防衛相の心配事。 concern of a minister of defense

2018-05-24 20:22:15 | 日記
 (1)小野寺防衛相が「(前防衛相の)大臣指示に適切に応えられなかった。文民統制にかかわりかねない重大な問題だ」(報道ー( )内は本ブログ注)とイラク日報問題で自衛隊トップの幕僚長ら17人を処分した。

 防衛省は前防衛相が残っていないとしたイラク日報がすでに1年前に自衛隊内に存在していたことを確認していた経緯などの調査結果を公表した。防衛省の組織的隠ぺいを否定した報告内容の是非はここでは別にして、統幕が今年2月に上記経緯の報告を受けた後も小野寺防衛相への報告に1か月かかった(報道)二重の報告遅滞行為に対してシビリアンコントロールへの不信、懸念、危機を表明したものだ。

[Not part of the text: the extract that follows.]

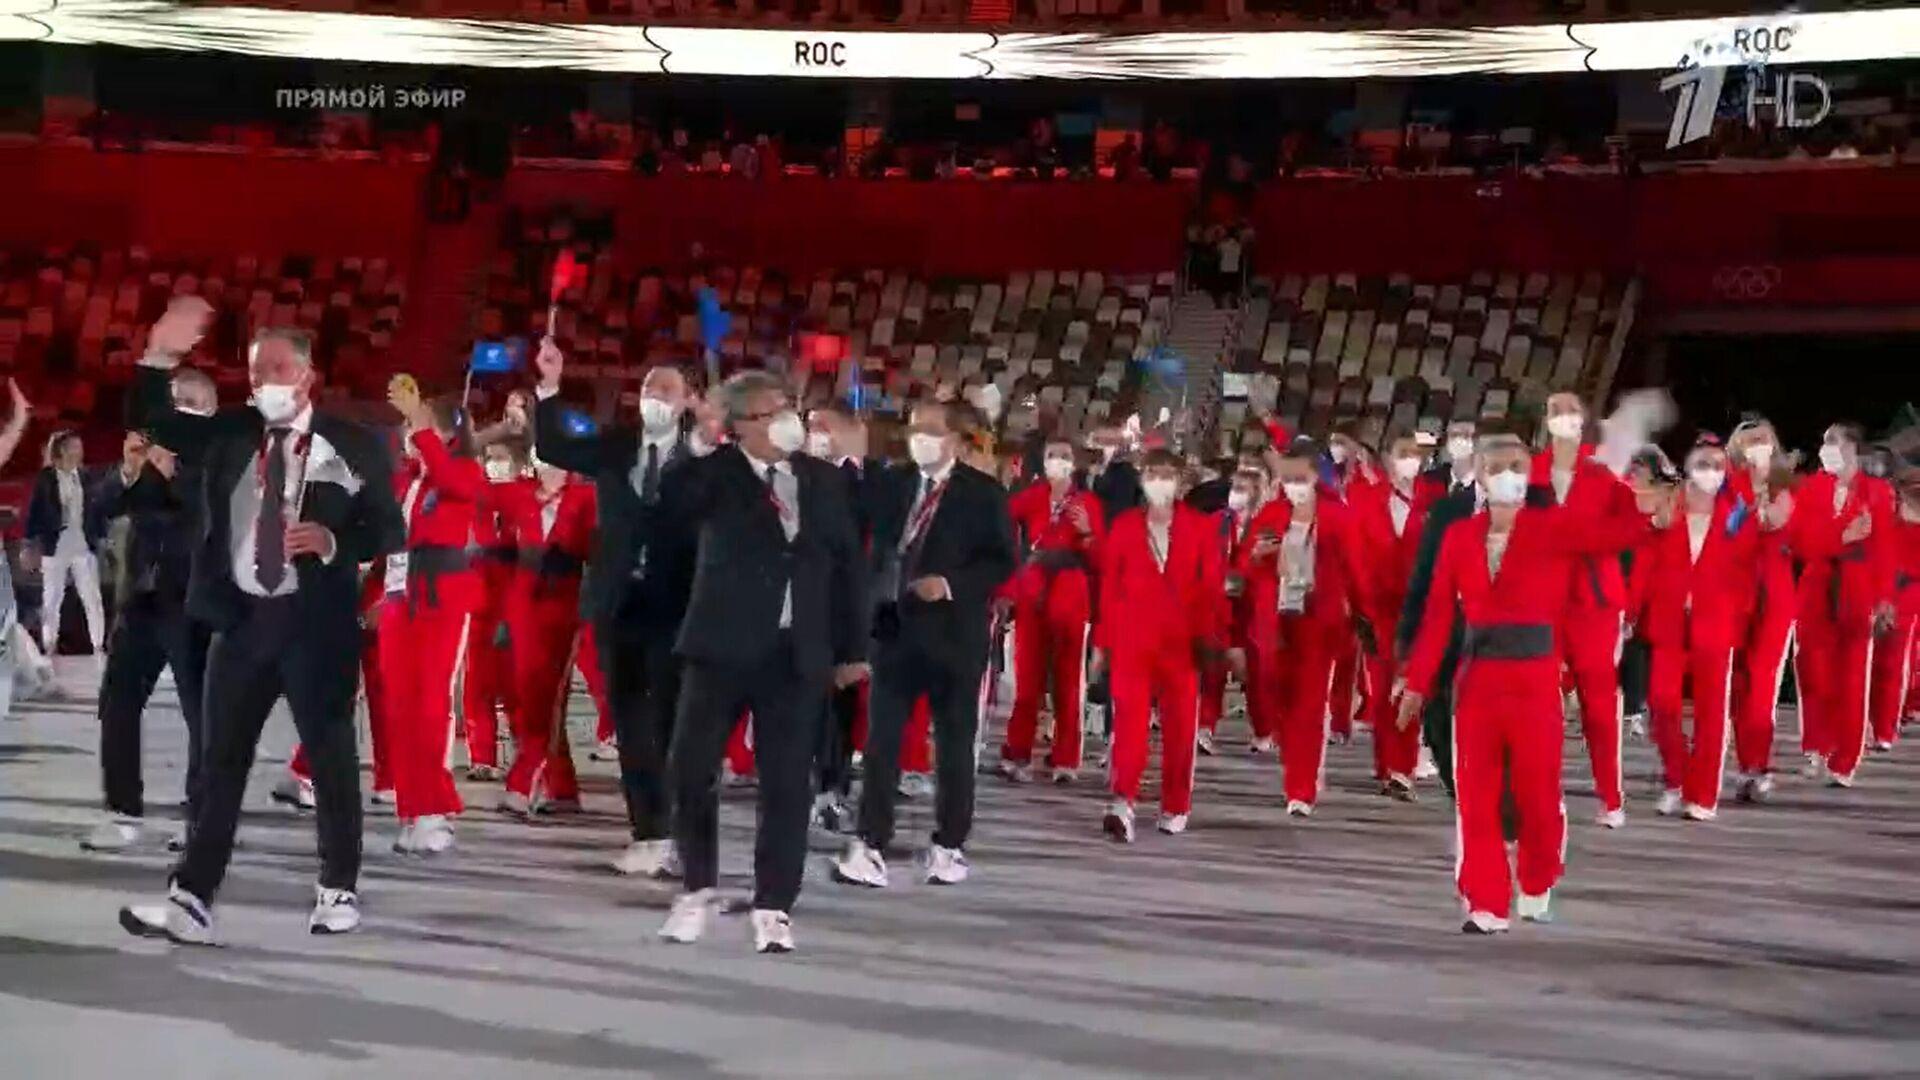 Rosyjska reprezentacja na Igrzyskach Olimpijskich w Tokio - Sputnik Polska, 1920, 24.07.2021

 (2)現防衛相が防衛省内のシビリアンコントロールへの不信、懸念、危機を表明したことはまさに国家防衛実力組織として「重大な問題」だ。防衛省は国家防衛機関として国家機密情報が多く、内部は閉ざされた組織で何がどうなっているのか国民にはよくわからない伏魔殿でもある。

 そこが防衛省、自衛隊の統制基本理念のシビリアンコントロールが働いていないとなると、現防衛相が危機感を示したということは国家統治、行政指導に重大な懸念、危機が横たわっているという国民にとって重要な危険な情報である。

 (3)自衛隊組織の責任者の処分でこと足りる問題とはならない。組織は次から次と責任者、役職者が変わるだけで体質が変わらなければ本質は変わらないことになるので、変革見極めが求められる。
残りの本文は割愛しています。